The standard for deciding a motion to dismiss pursuant to CPLR 3211 is well established:

[T]he pleading is to be afforded a liberal construction (see, CPLR 3026). We accept the facts as alleged in the complaint as true, accord plaintiffs the benefit of every possible favorable inference, and determine only whether the facts as alleged fit within any cognizable legal theory (Morone v Morone, 50 NY2d 481, 484; Rovello v Orofino Realty Co., 40 NY2d 633, 634). Under CPLR 3211(a)(1), a dismissal is warranted only if the documentary evidence submitted conclusively establishes a defense to the asserted claims as a matter of law (see, e.g., Heaney v Purdy, 29 NY2d 157).

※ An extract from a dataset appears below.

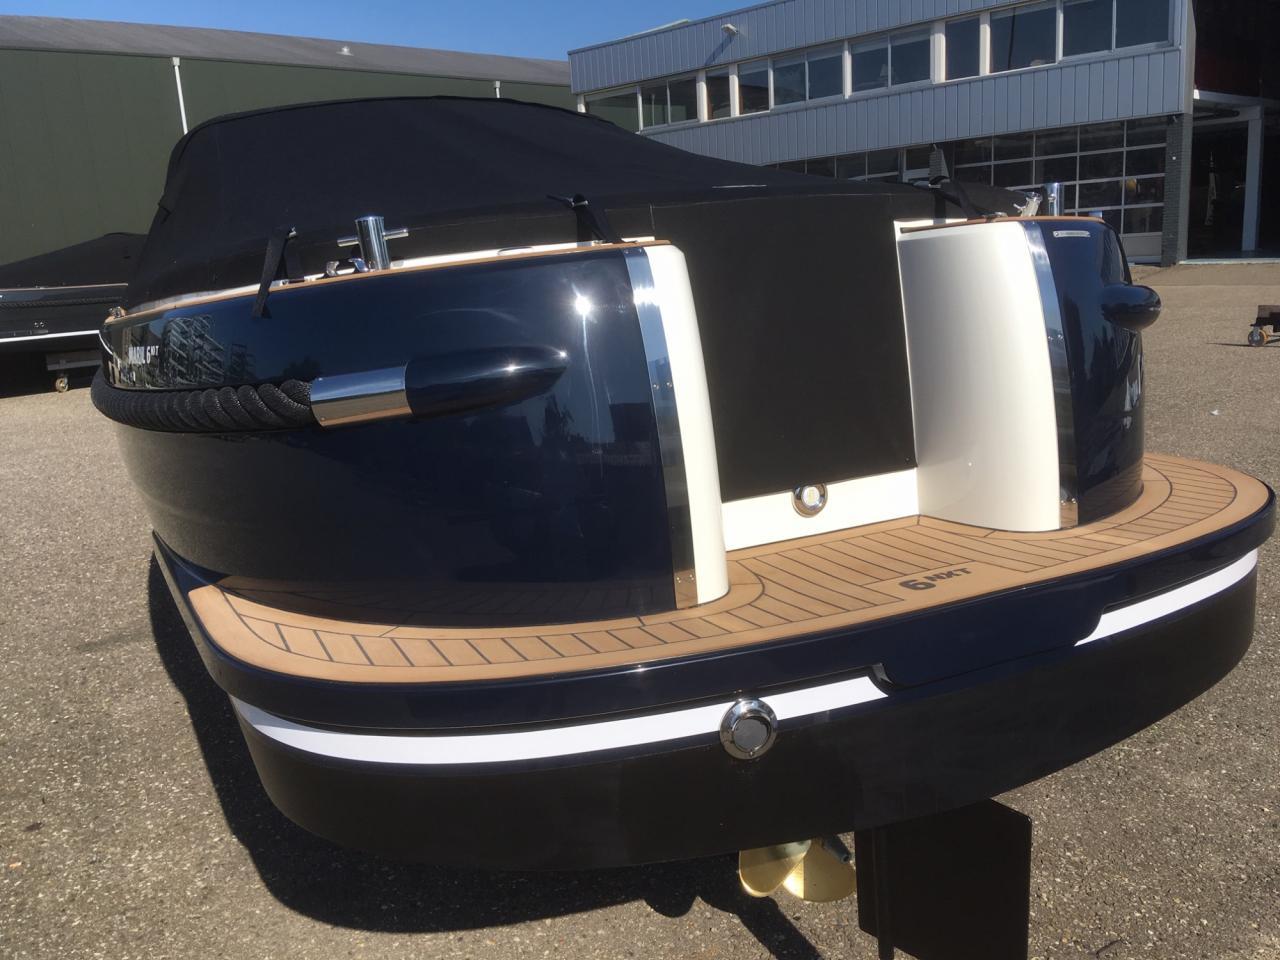 Maril 6NXT donkerblauw met Vetus 52 pk turbo diesel 10

(Leon v Martinez, 84 NY2d 83, 87-88 [1994]; see Berger v Temple Beth-El of Great Neck, supra). As pertinent to this motion, the claim alleges that “[d]efendant, its agents, servants and/or employees were careless, reckless, negligent and grossly negligent in the ownership, operation, maintenance, control, supervision, management and inspection of the premises and sidewalk/walkway.” The lease agreement submitted by defendant in support of the motion conclusively establishes both that defendant did not own the property and that the owner had a contractual obligation to clear snow and ice from the premises. Nevertheless, such facts do not warrant dismissal of the claim because neither tenancy nor the contract clause operate to eliminate defendant’s liability as a matter of law.

“A tenant may be held liable for a dangerous or defective condition on the premises it occupies, even where the landlord has explicitly agreed in the lease to maintain the premises and keep it in good repair. . . Consequently, the fact that the landlord was contractually responsible for snow and ice removal does not relieve the defendant[] from liability for the alleged dangerous condition on the premises” (Cohen v Central Parking Systems, Inc., 303 AD2d 353, 354 [2d Dept 2003] [citations omitted]; see Chadis v Grand Union Co., 158 AD2d 443, 444 [2d Dept 1990]). Further, the terms of the lease do not demonstrate that the location where claimant fell was outside of defendant’s control (compare Masterson v Knox, 233 AD2d 549 [3d Dept 1996]; Chadis v Grand Union Co., supra), because the subject of the lease is described as “31,000 Square Feet of space at 45 Mall Drive, in Commack, New York,” and defendant is granted tenancy in “the premises with the appurtenances.” Thus, the documentary evidence submitted does not conclusively establish a defense as a matter of law, and defendant’s motion must be denied.

Motion No. M-73227 is DENIED.

July 13, 2007
Albany, New York

Judge of the Court of Claims

Papers considered

(1) Notice of Motion, dated April 16, 2007;

(2) Affirmation of John Belford, IV, dated April 16, 2007, with exhibits A-C;

(3) Affirmation in Opposition of Carmine J. Goncalves, Esq., dated April 25, 2007,

with exhibits 1-2.

[1]. As indicated above, the notice of motion states that it seeks dismissal pursuant to CPLR 3211(2), which presumably refers to CPLR 3211(a)(2). Because the instant motion makes absolutely no argument in support of dismissal on jurisdictional grounds, that part of defendant’s motion is denied.